══ Information supplied
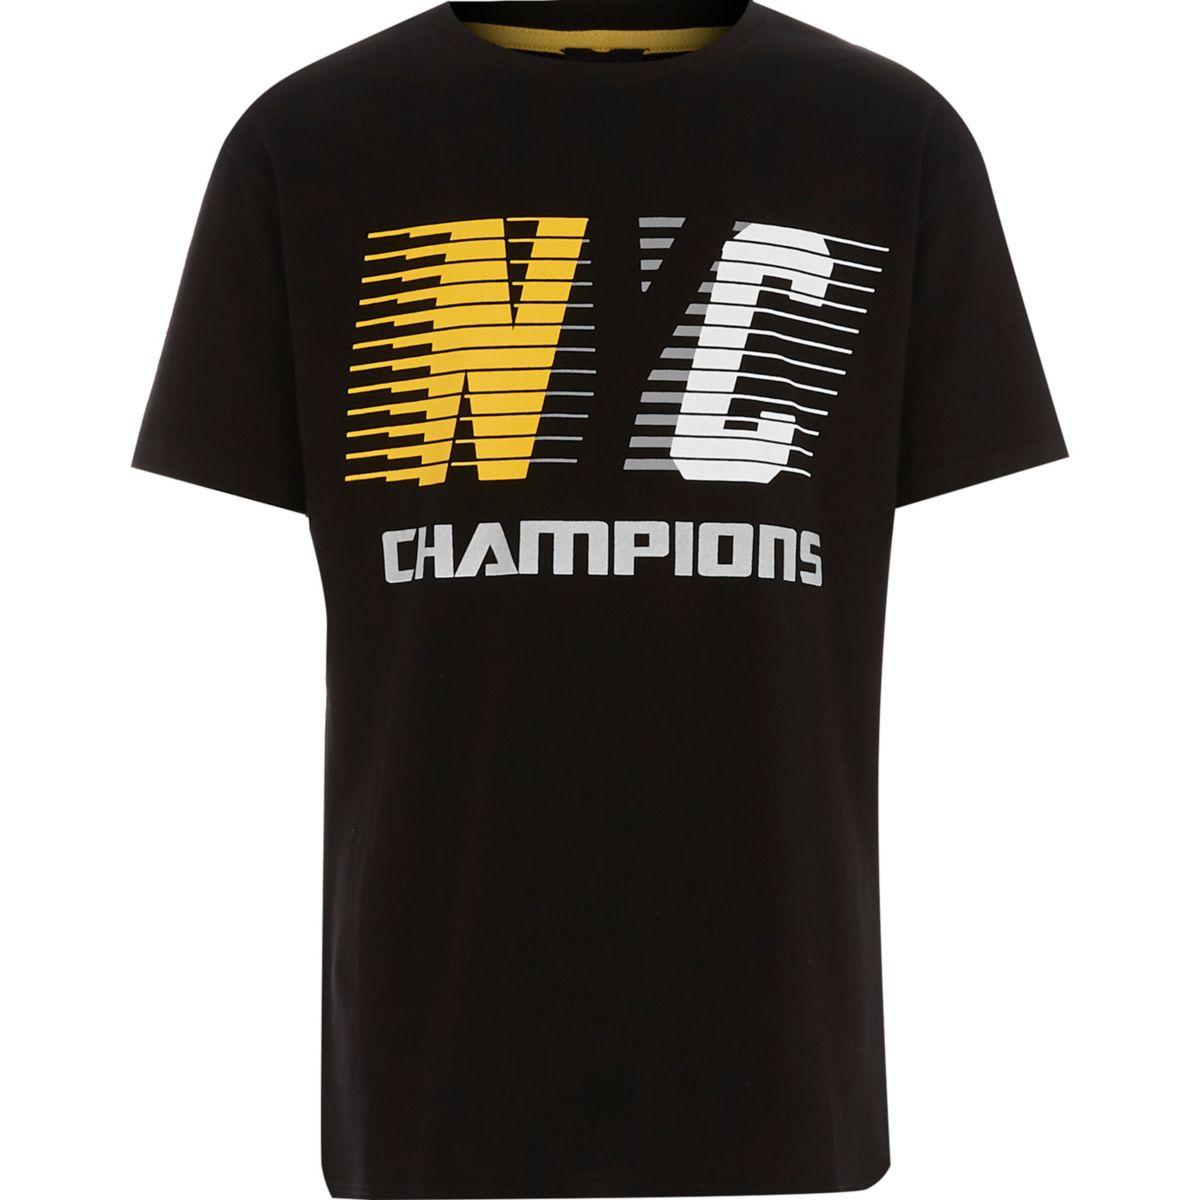 Boys black 'NYC champions' T-shirt
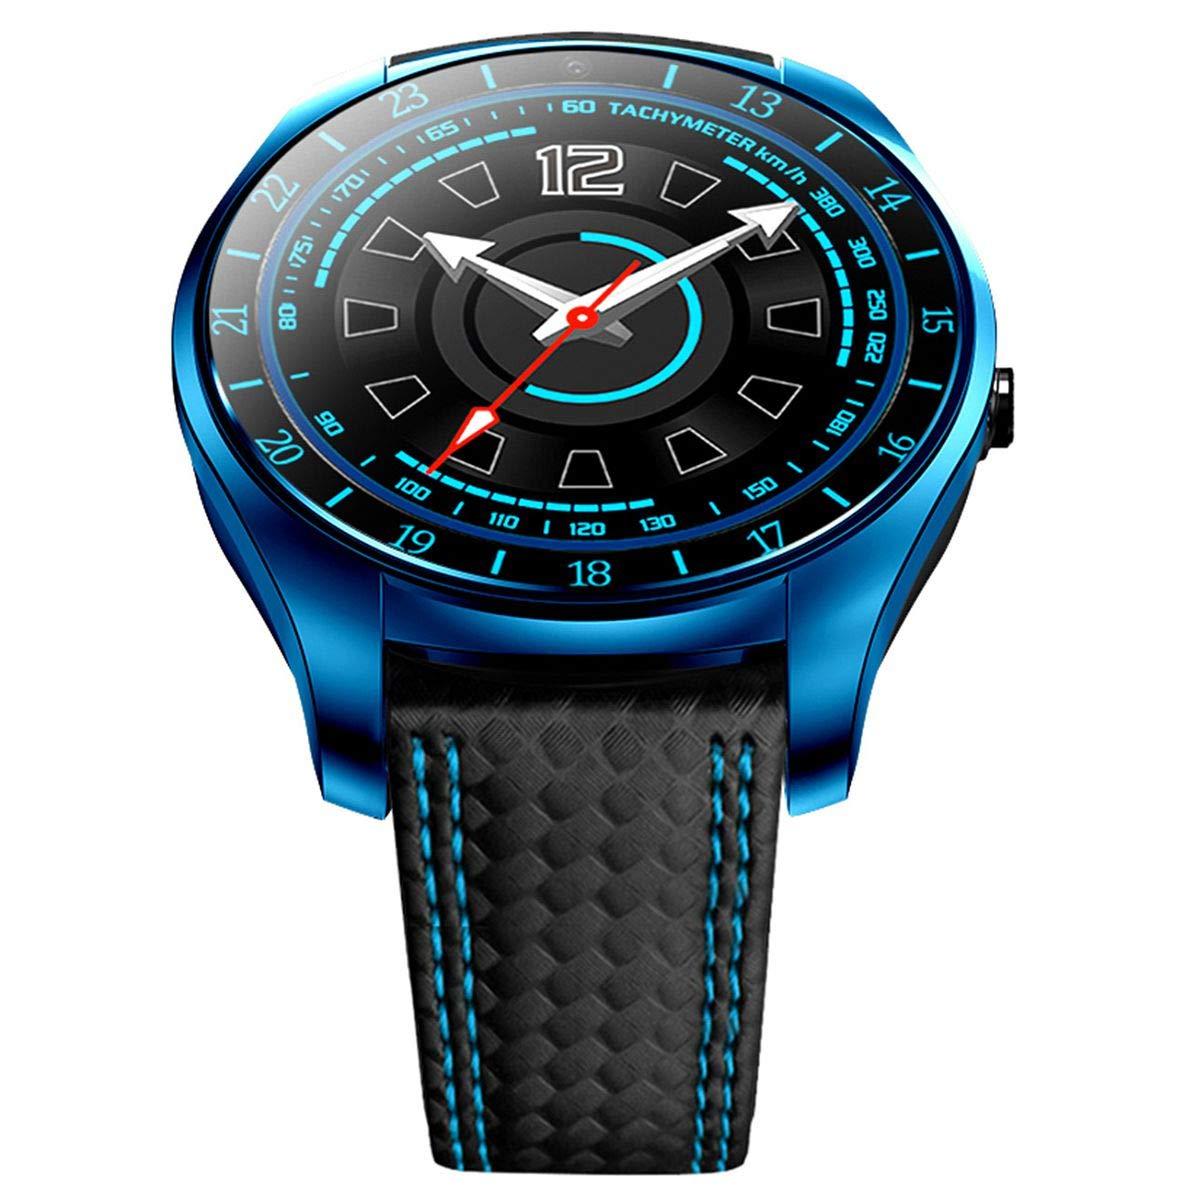 Amazon.com: SODIAL V10 Smart Watch Men with Camera Bluetooth ...
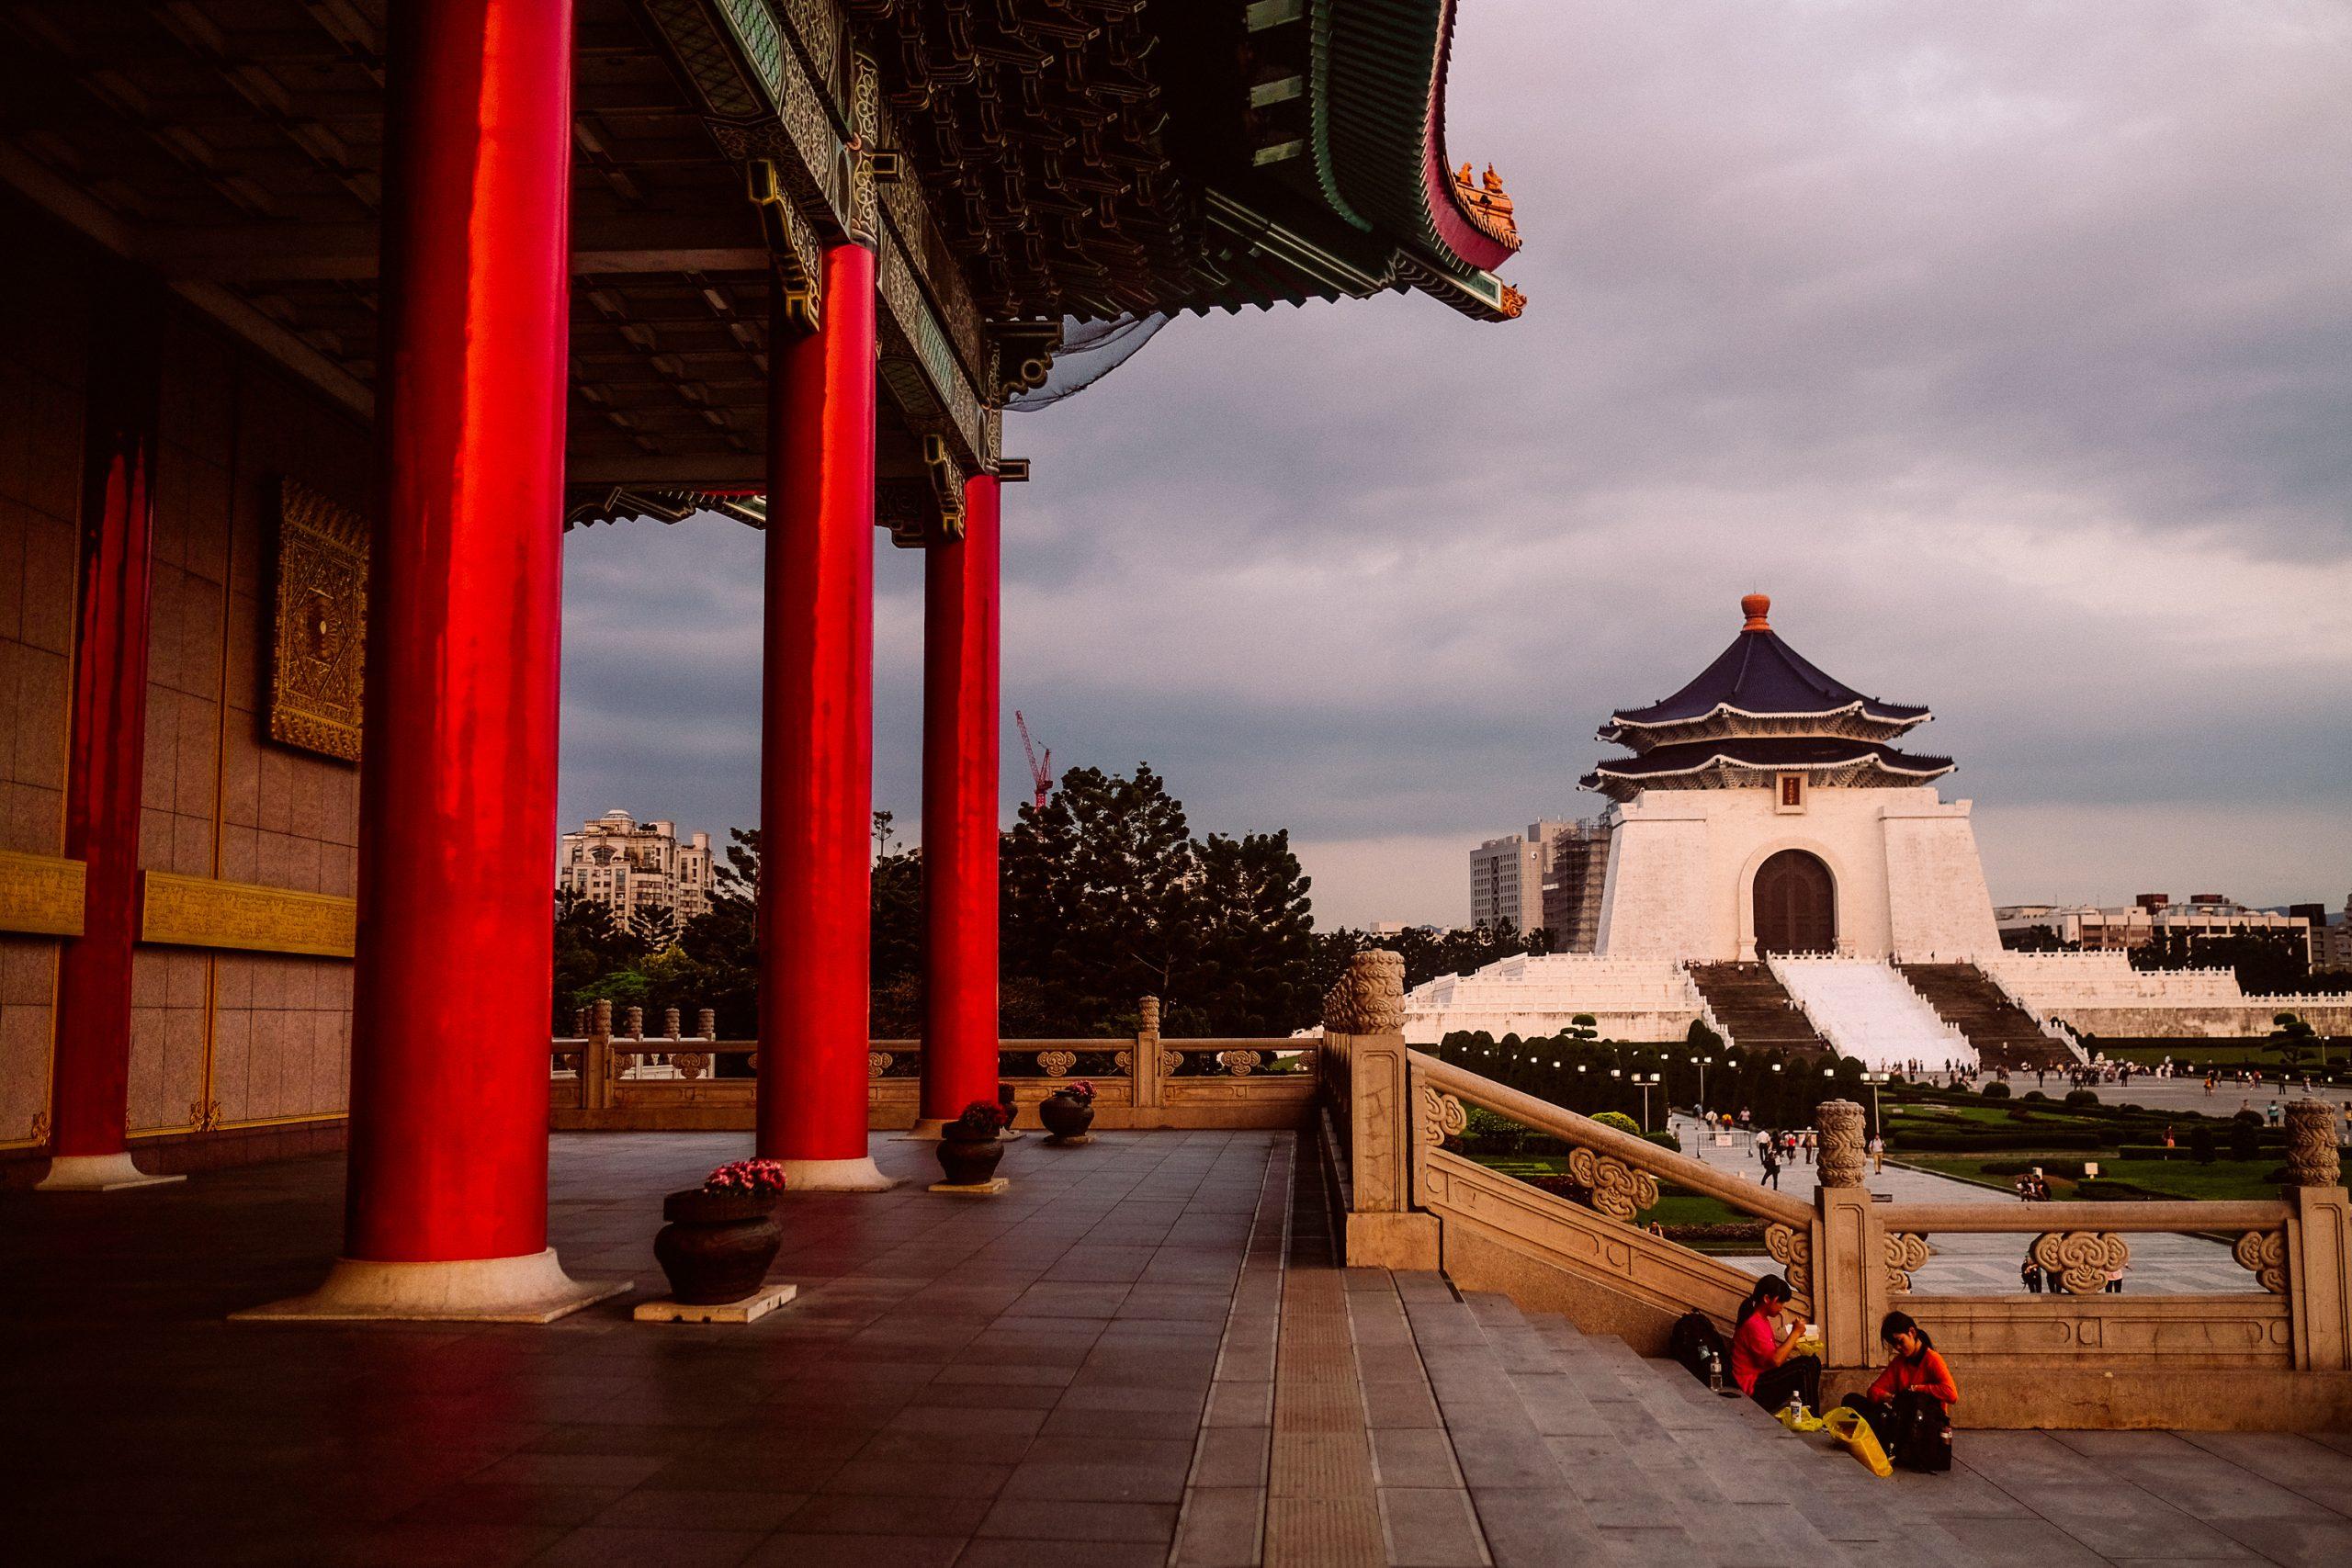 Risultati di ricerca Risultati web Chiang Kai-shek Memorial Hall in Taipei
════
[Work request] Omit the pictures and repeat the rest of the listing verbatim.

[Solution for this exercise]
 Boys black 'NYC champions' T-shirt
 Amazon.com: SODIAL V10 Smart Watch Men with Camera Bluetooth ...
 Risultati di ricerca Risultati web Chiang Kai-shek Memorial Hall in Taipei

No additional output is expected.